The Geographical Detector Model (GDM) is a popular statistical toolkit for geographical attribution analysis. Despite the striking resemblance of the q-statistic in GDM to the R-squared in linear regression models, their explicit connection has not yet been established. This study proves that the q-statistic reduces into the R-squared under a linear regression framework.

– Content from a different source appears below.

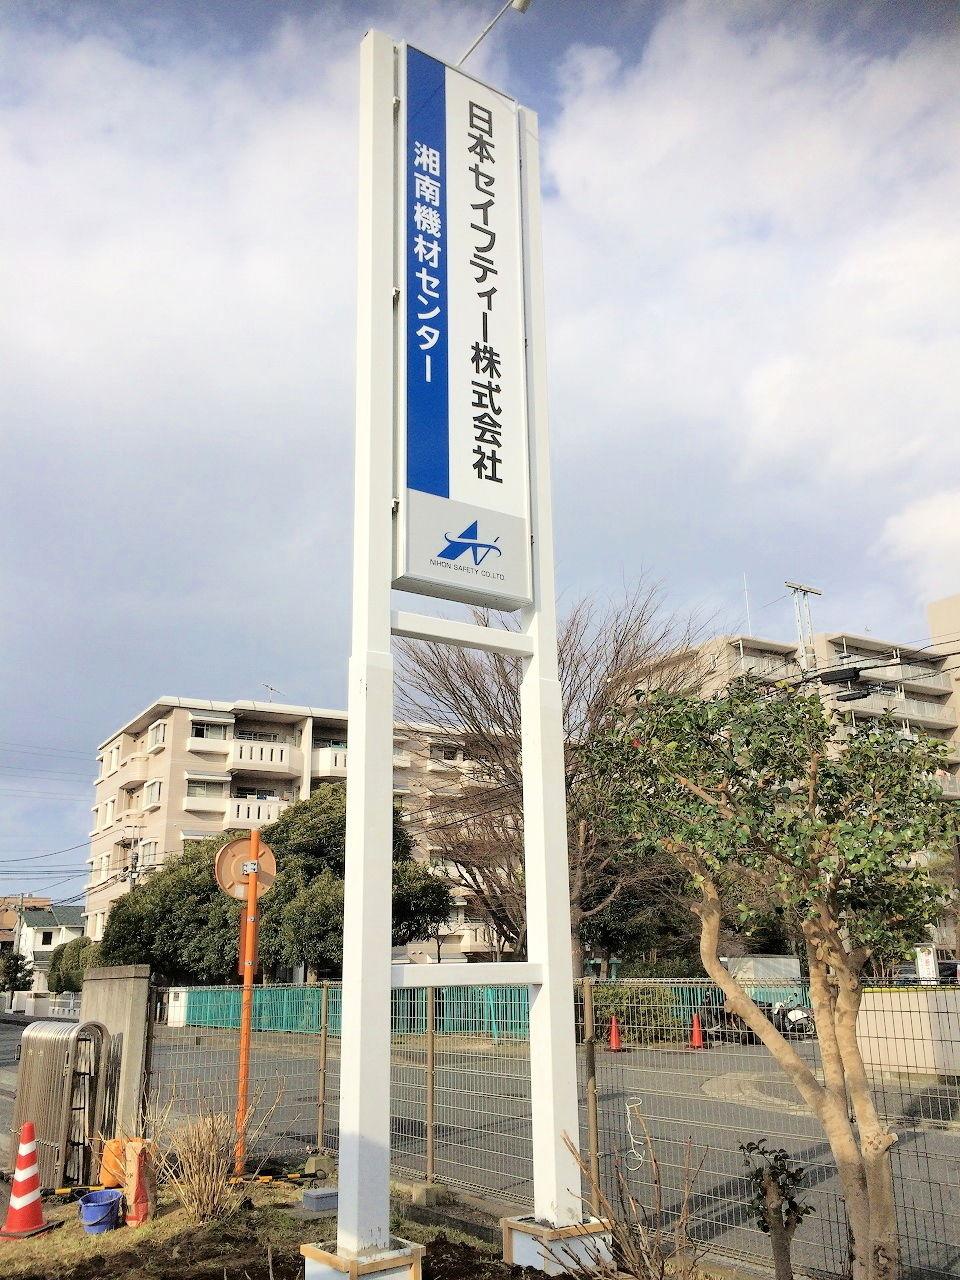 茨城・施工管理・工事監理者【建築】・上場企業のグループ

Under linear regression and moderate-to-strong spatial autocorrelation, Monte Carlo simulation results show that the GDM tends to underestimate the importance of variables. In addition, an almost perfect power law relationship is present between the percentage bias and the degree of the spatial autocorrelations, indicating the presence of fast uplifting bias in response to increasing levels of spatial autocorrelations. We propose an integrated approach for variable importance quantification by bringing together the spatial econometrics model and the game theory based-Shapley value method. By applying our proposed methodology to a case study of land desertification in African, it is found human activity tends to affect land desertification both directly and indirectly. However, such effects appear to be underestimated or undistinguished in the classic GDM.
理解和扩展线性回归框架下的地理探测器模型
地理探测器模型(GDM)是一种流行的用于地理归因分析的统计工具。尽管GDM中的q统计量与线性回归模型中的r平方惊人地相似,但它们之间的明确联系尚未建立。本研究证明了在线性回归框架下,q统计量约化为r平方。在线性回归和中强空间自相关条件下,蒙特卡罗模拟结果表明,GDM倾向于低估变量的重要性。此外,偏差百分比与空间自相关程度之间存在几乎完美的幂律关系,表明随着空间自相关水平的提高,存在快速上升的偏差。本文将空间计量经济学模型与基于博弈论的shapley值方法相结合,提出了一种综合的变量重要性量化方法。通过将本文提出的方法应用于非洲土地沙漠化的案例研究,发现人类活动倾向于直接和间接地影响土地沙漠化。然而,这种影响在经典GDM中似乎被低估或未被区分。
本文章由计算机程序翻译,如有差异,请以英文原文为准。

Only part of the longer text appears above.